*TASK TO CARRY OUT*
Before printing the listing, strip out its pictures and keep everything else exact.

*GIVEN INFORMATION*

********************

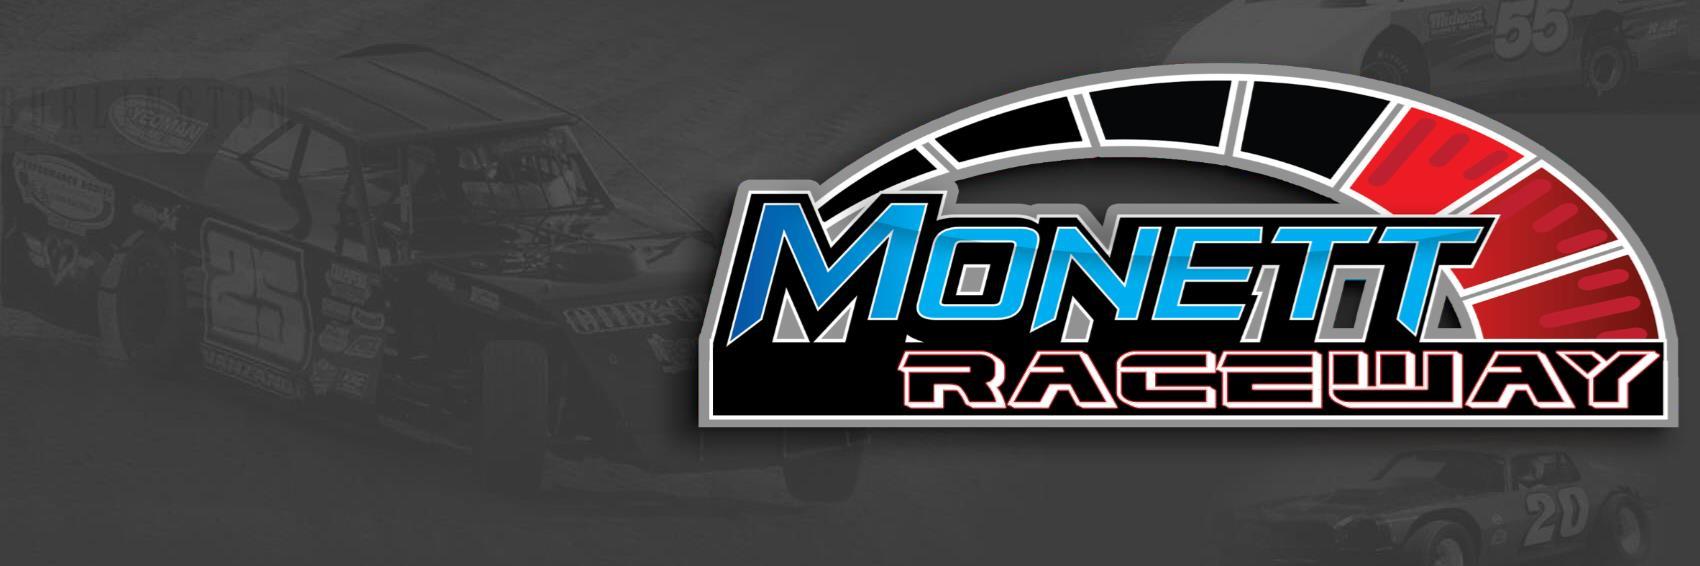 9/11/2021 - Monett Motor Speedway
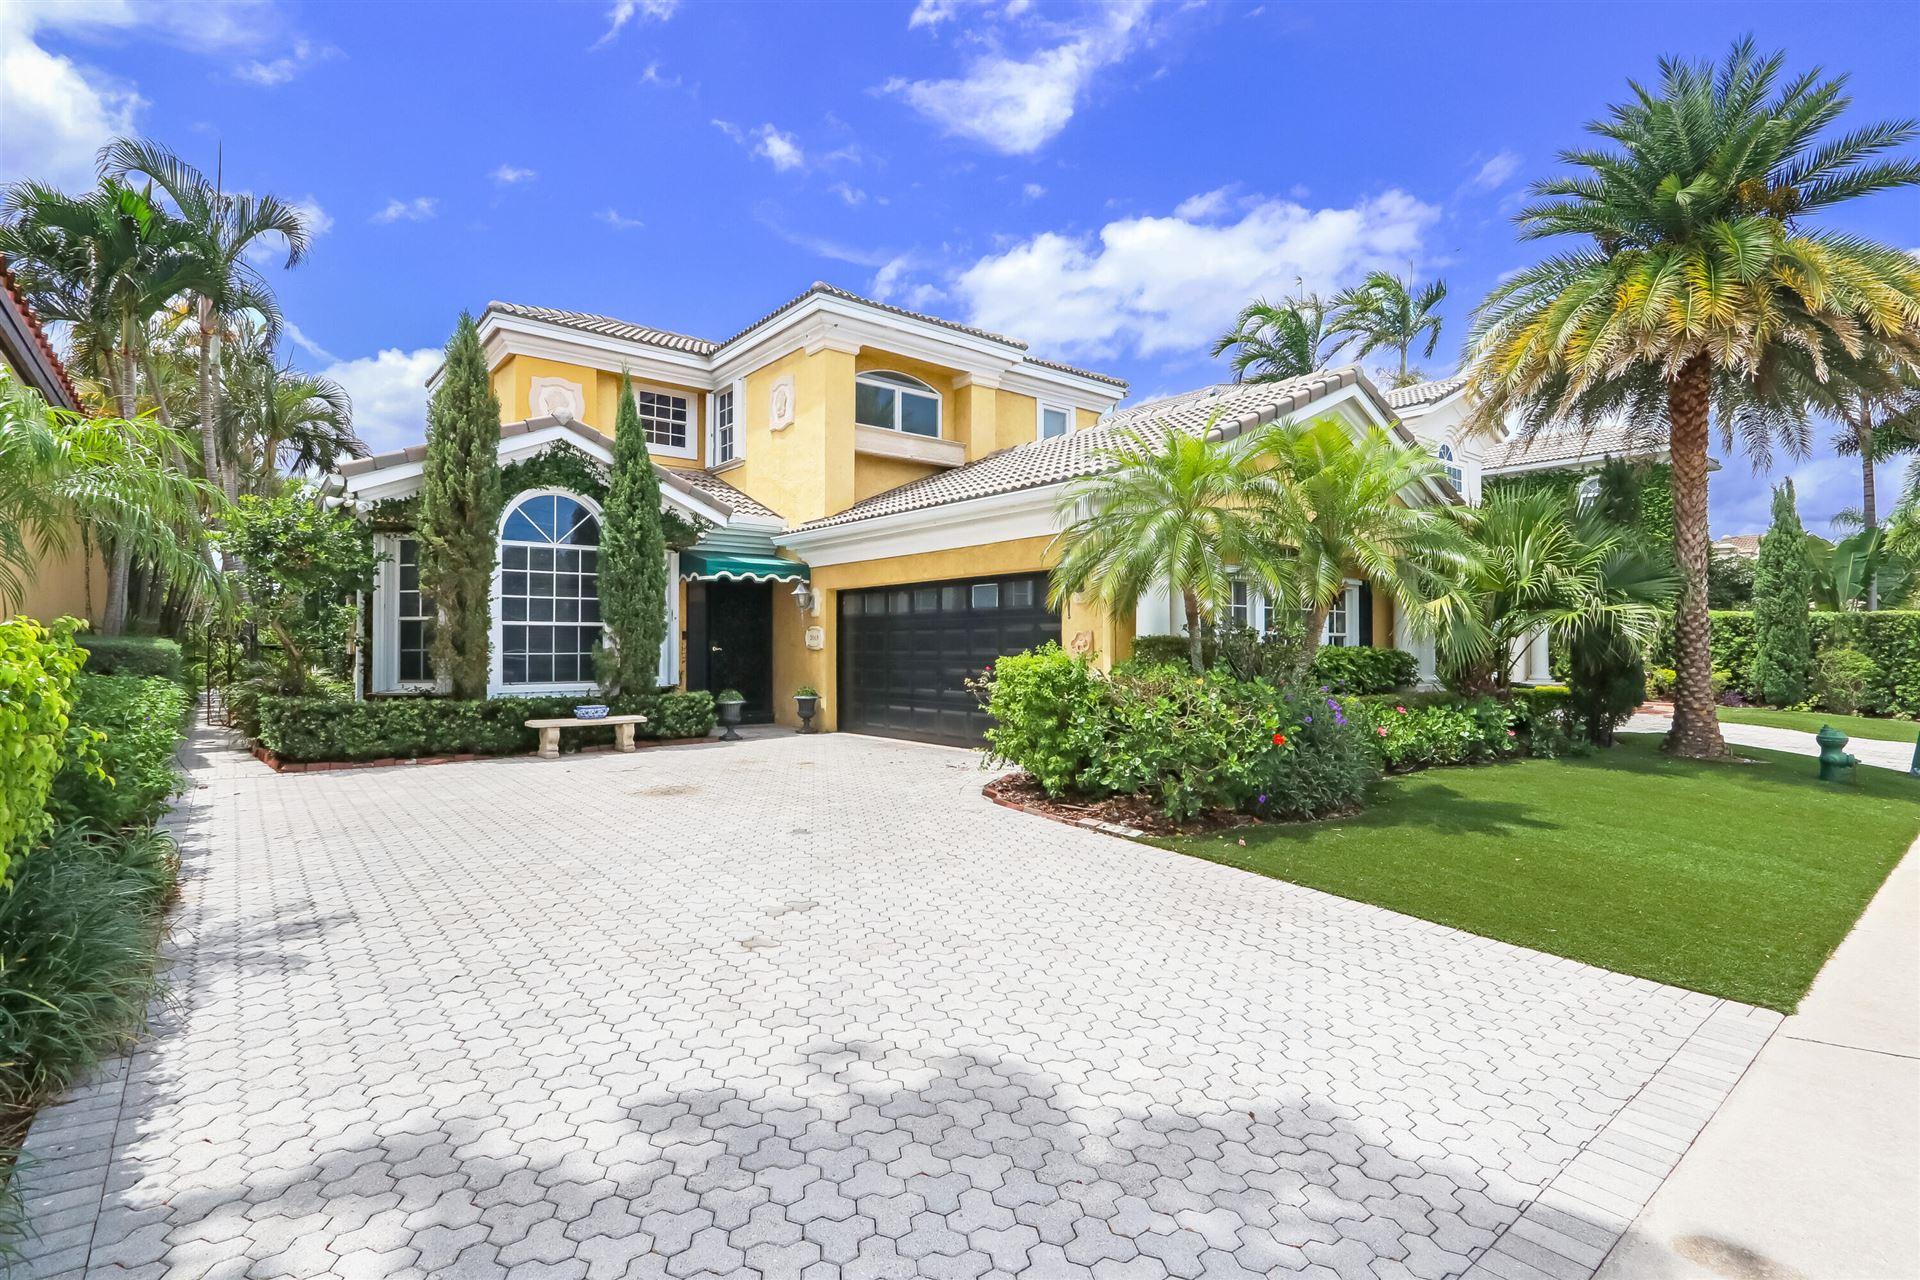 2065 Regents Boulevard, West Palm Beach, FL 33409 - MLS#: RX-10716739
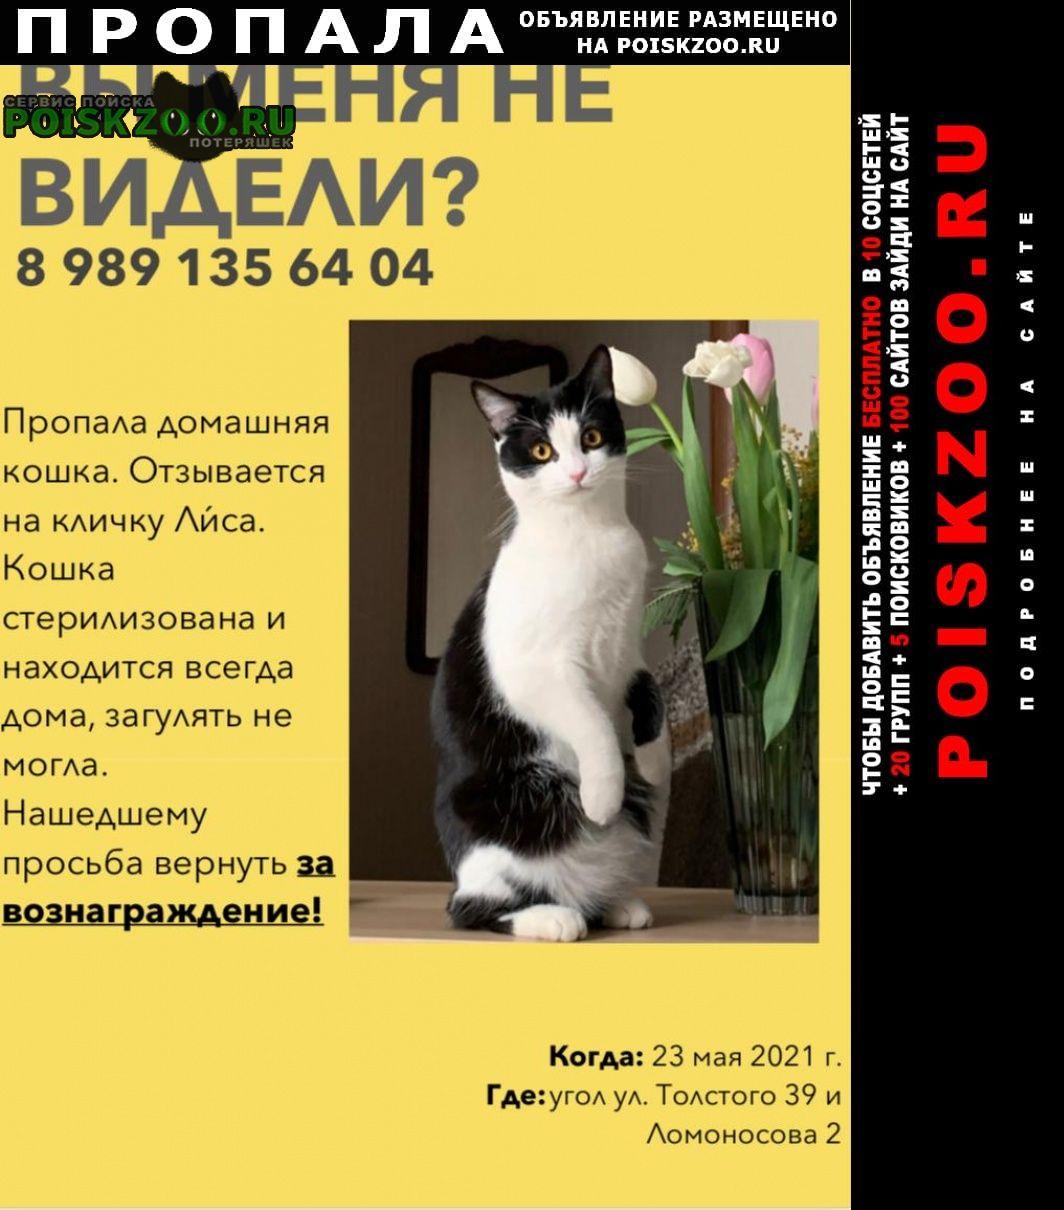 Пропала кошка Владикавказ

********************

*REPLY TO THE TASK*
 9/11/2021 - Monett Motor Speedway
 2065 Regents Boulevard, West Palm Beach, FL 33409 - MLS#: RX-10716739
 Пропала кошка Владикавказ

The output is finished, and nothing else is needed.